* [Data]:
────
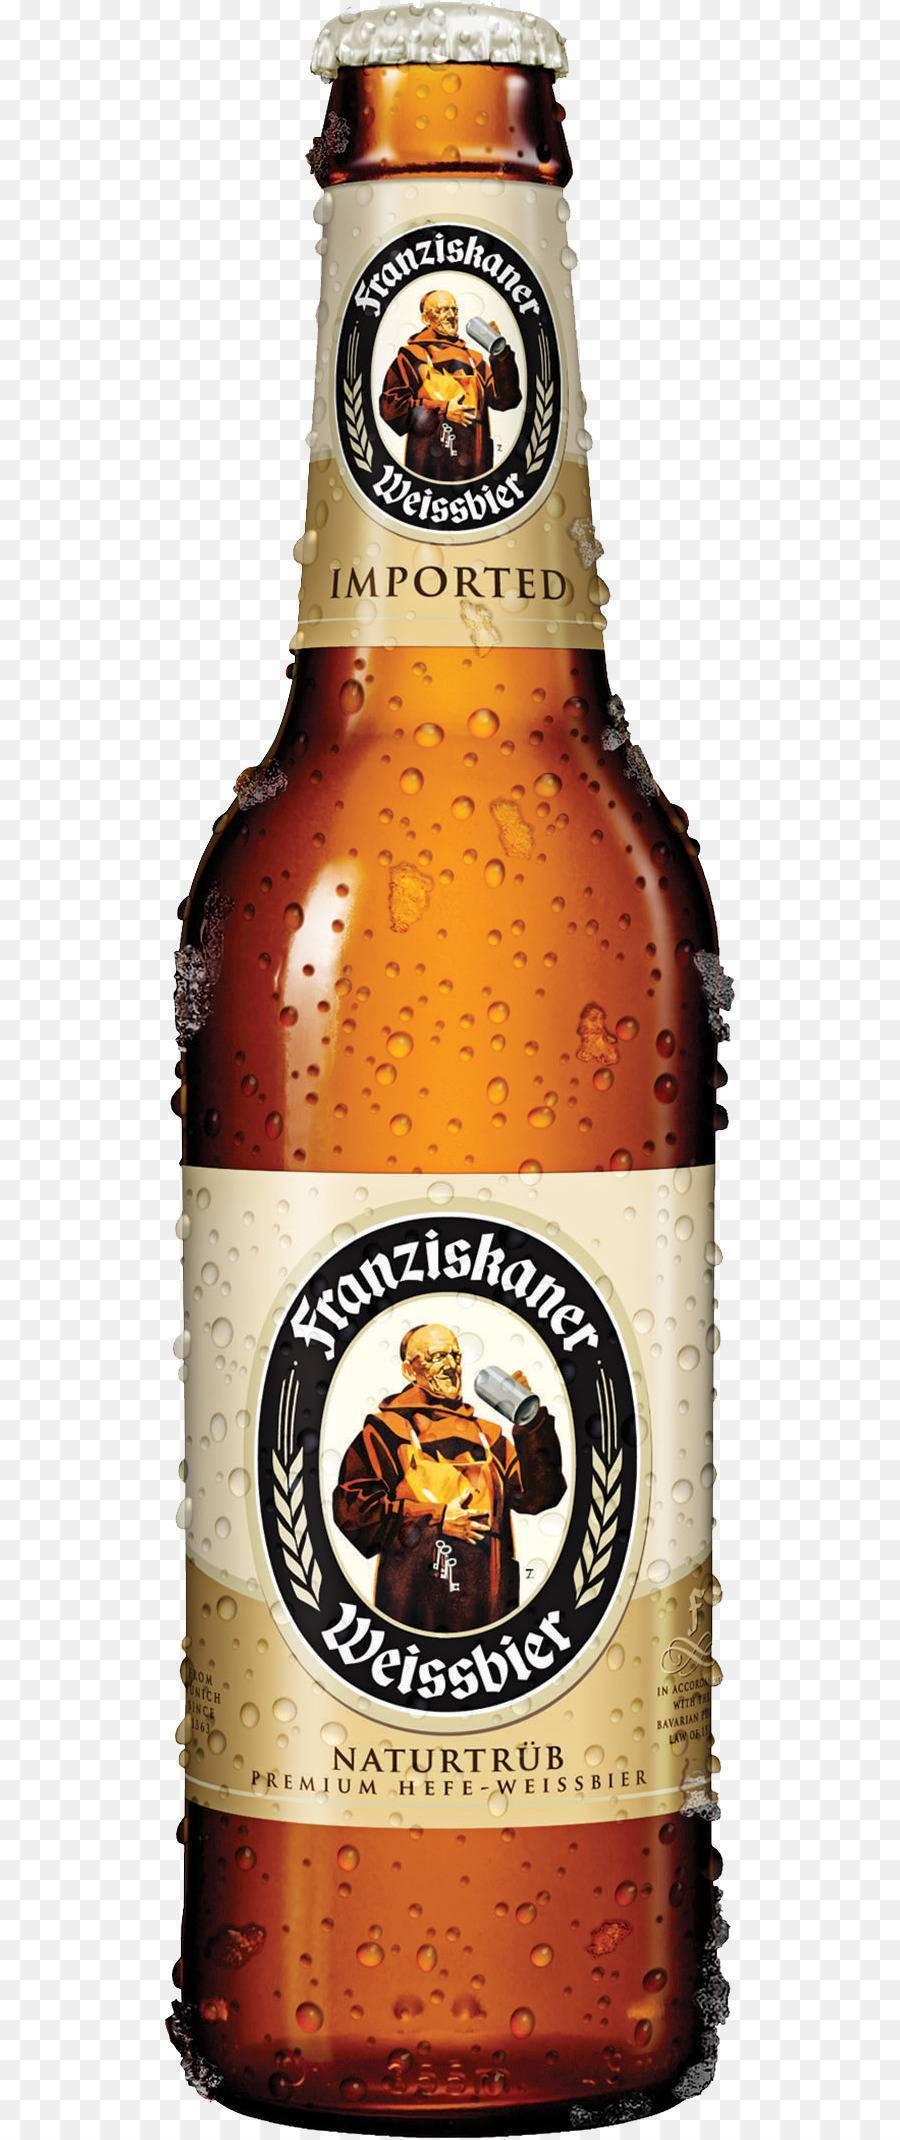 Пиво franziskaner (францисканер): обзор линейки бренда
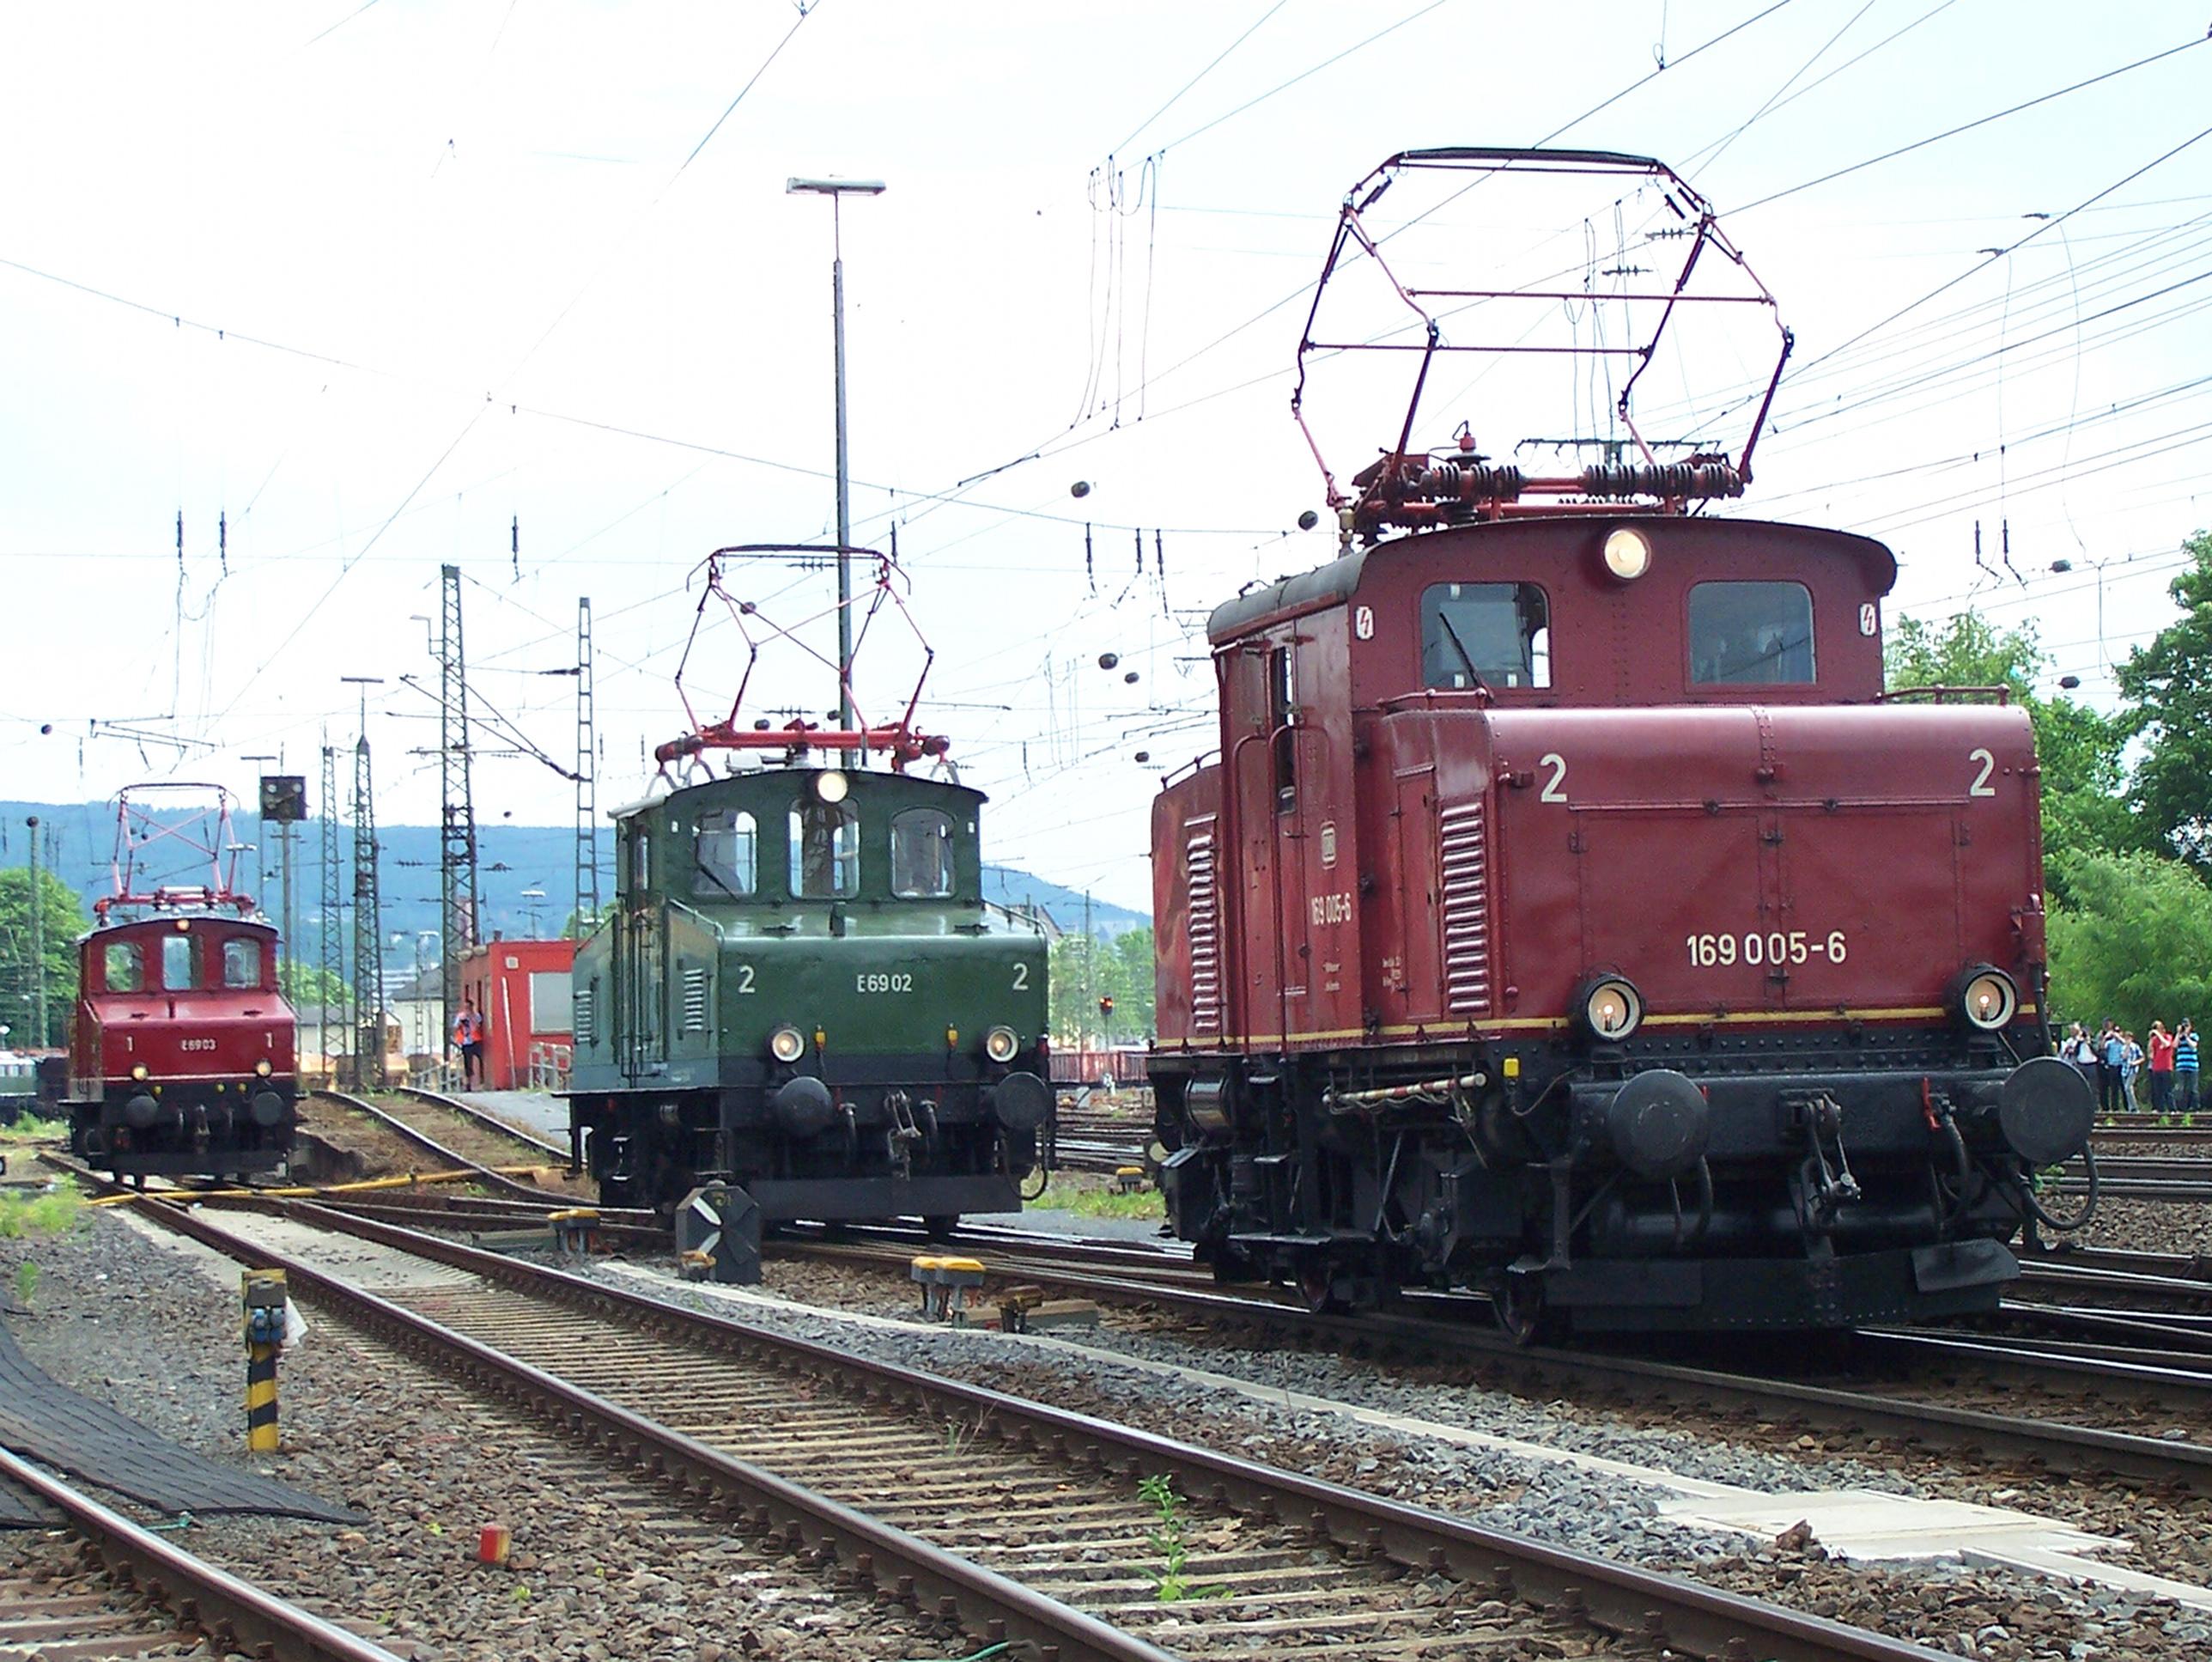 Baijerin paikku: Murnau-Oberammergau-rata
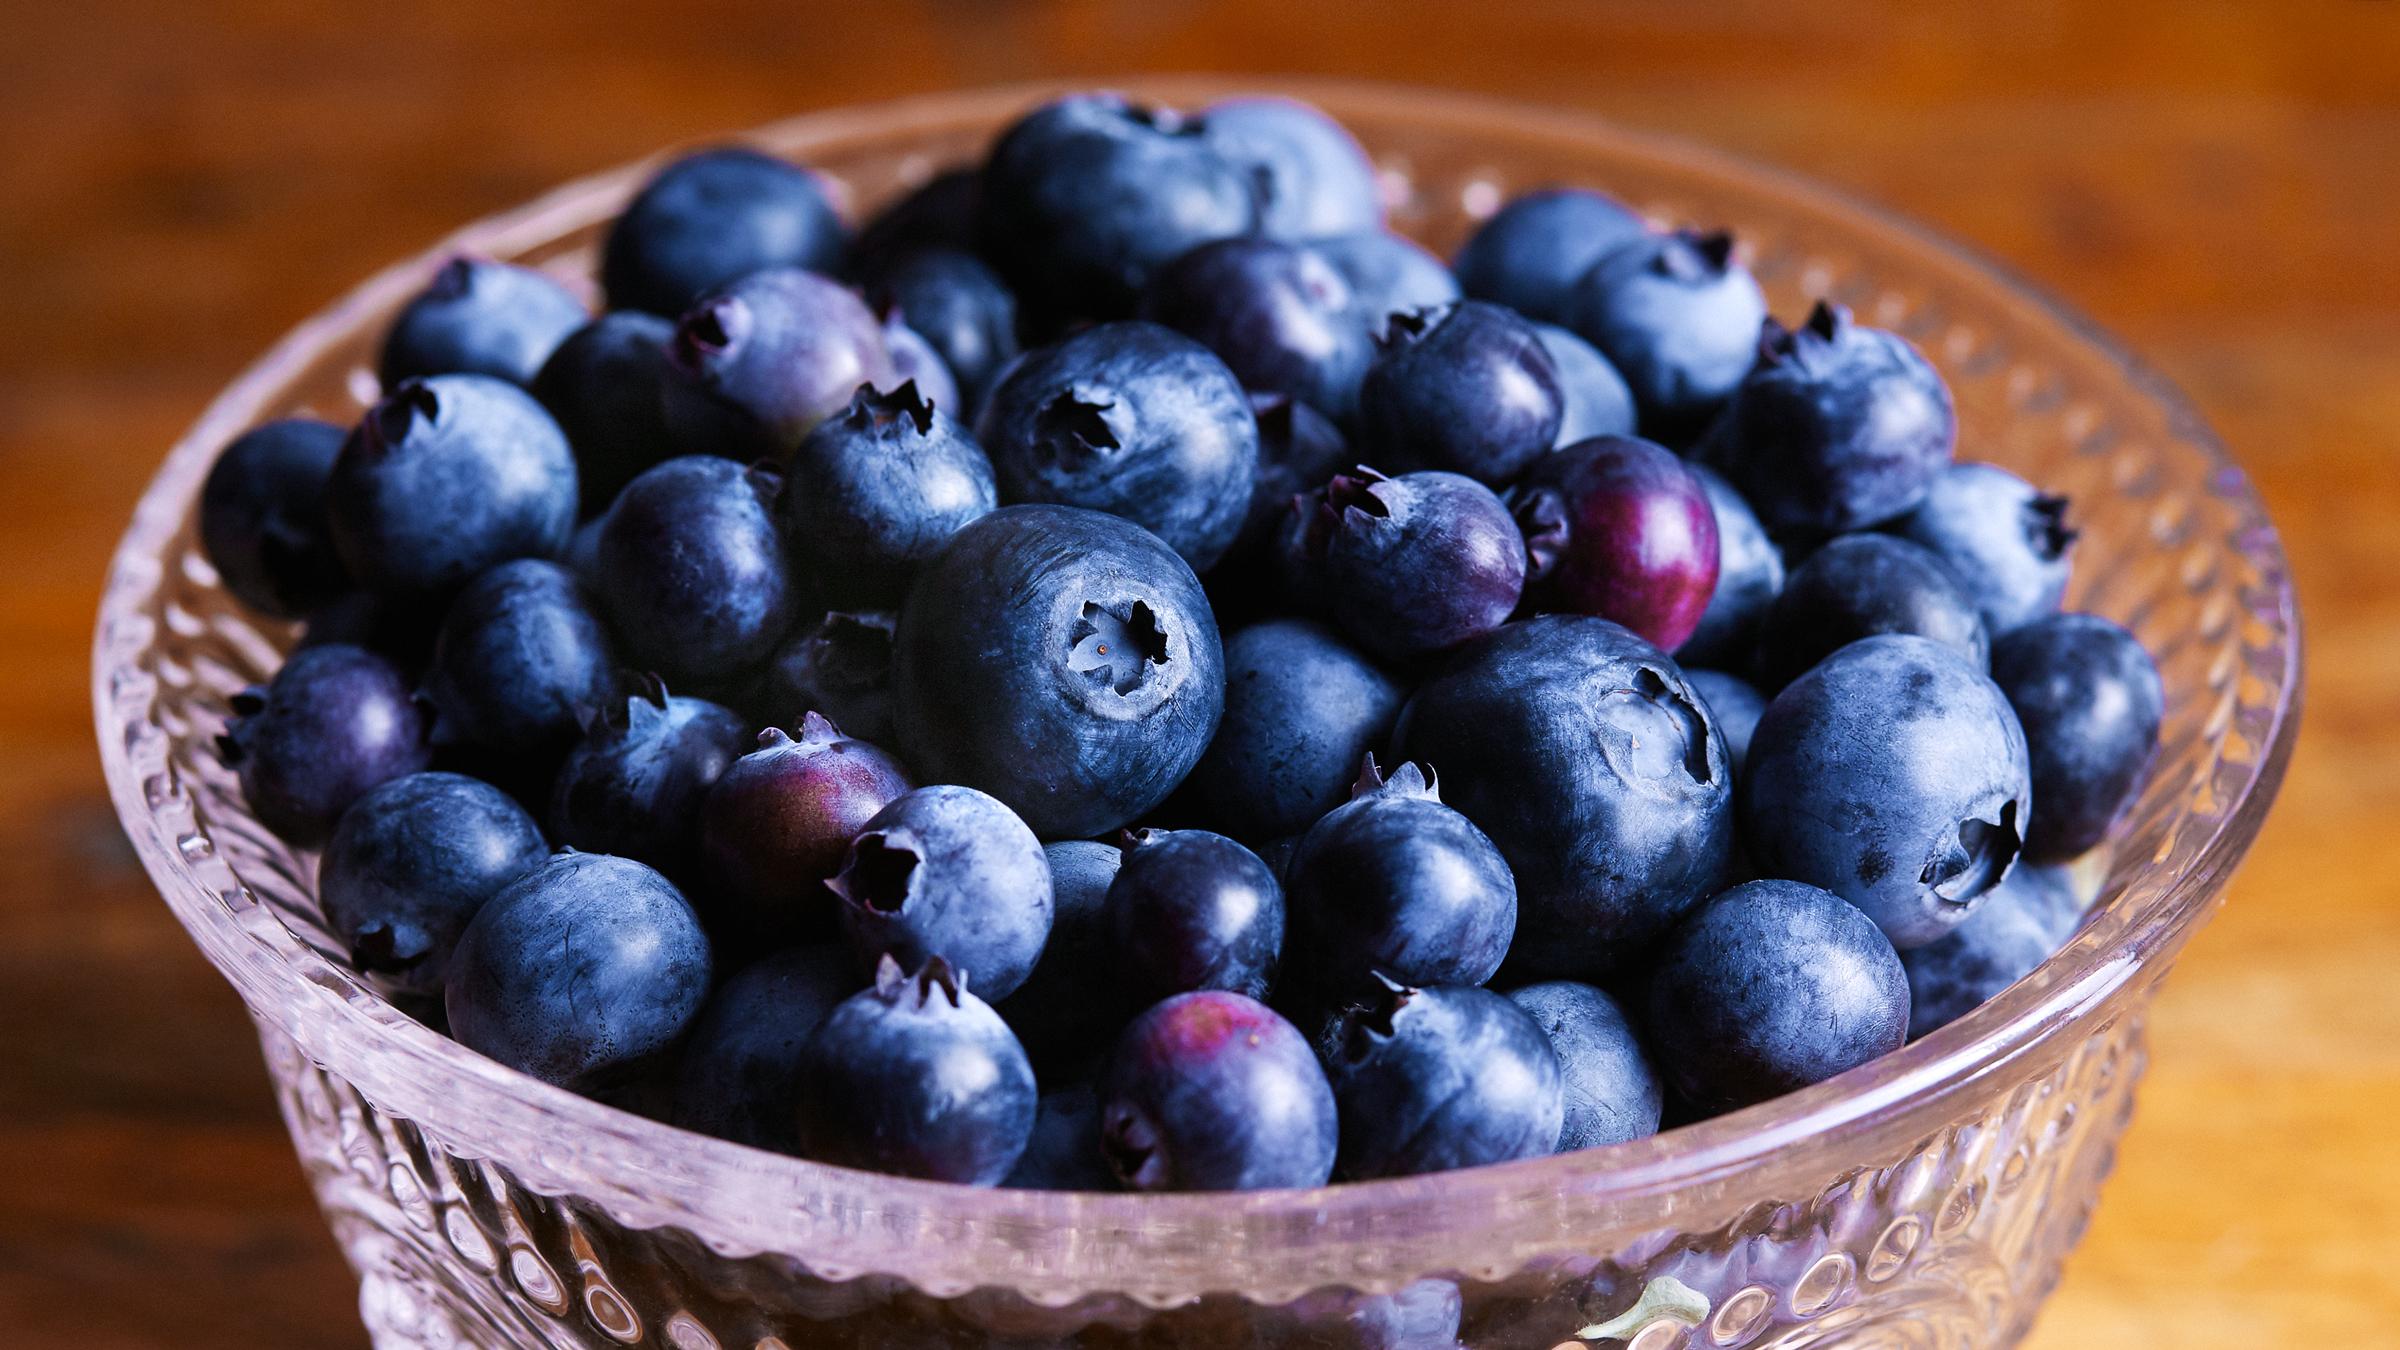 deepi_ahluwalia_walmart_blueberries_crop.jpg
────
* [Task details]: Pictures are not part of the copy; transcribe the rest of the data verbatim.

* [Finished task]:
 Пиво franziskaner (францисканер): обзор линейки бренда
 Baijerin paikku: Murnau-Oberammergau-rata
 deepi_ahluwalia_walmart_blueberries_crop.jpg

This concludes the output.